Deposit Logam Tanah, semuanya berawal saat saya mengunjungi saudara jauh di Bangka Belitung. Saat itu, saya cuma berniat liburan santai, main ke pantai, makan seafood, dan lepas dari hiruk-pikuk kota. Tapi yang saya temukan di sana justru membuka mata saya lebar-lebar.
Saya melihat lahan bekas tambang yang luas sekali—seperti kawah kering penuh air berwarna kecokelatan.

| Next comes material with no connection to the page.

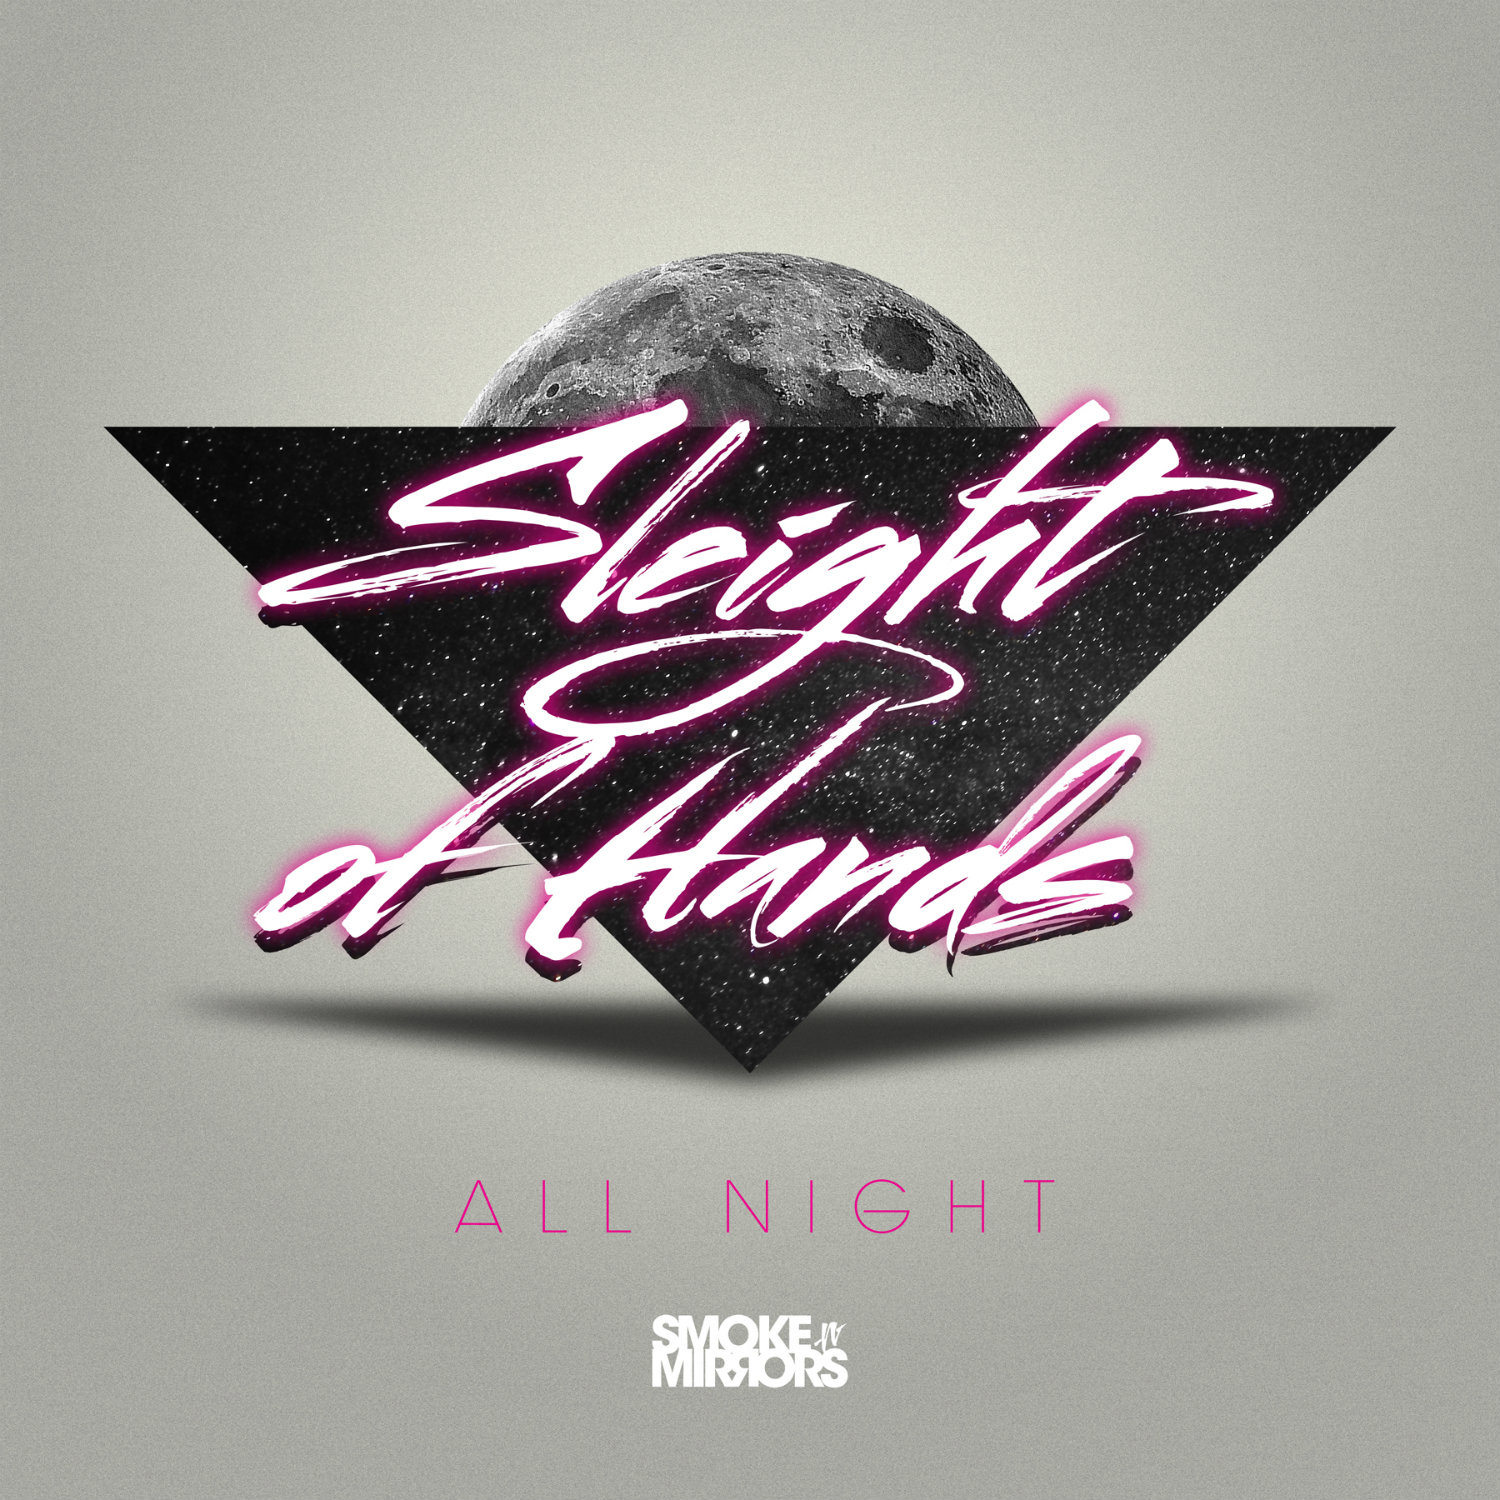 Sleight of Hands - All Night

Saya kira itu bekas tambang timah, tapi ternyata, warga sekitar bercerita: “Sekarang orang rame cari Deposit Logam Tanah jarang, bukan cuma timah.”
Deposit Logam Tanah jarang?
Saya belum pernah dengar istilah itu sebelumnya.
Perkenalan Tak Sengaja dengan Dunia Tambang
Apa Itu Deposit Logam Tanah Jarang?
Setelah pulang ke Jakarta, saya mulai cari tahu.
Deposit Logam Tanah jarang (LTJ) atau rare earth elements adalah sekelompok 17 unsur kimia yang sangat dibutuhkan dalam teknologi modern. Namanya jarang, padahal sebenarnya mereka tidak sejarang itu—yang sulit adalah mengekstraknya karena tersebar dalam konsentrasi rendah.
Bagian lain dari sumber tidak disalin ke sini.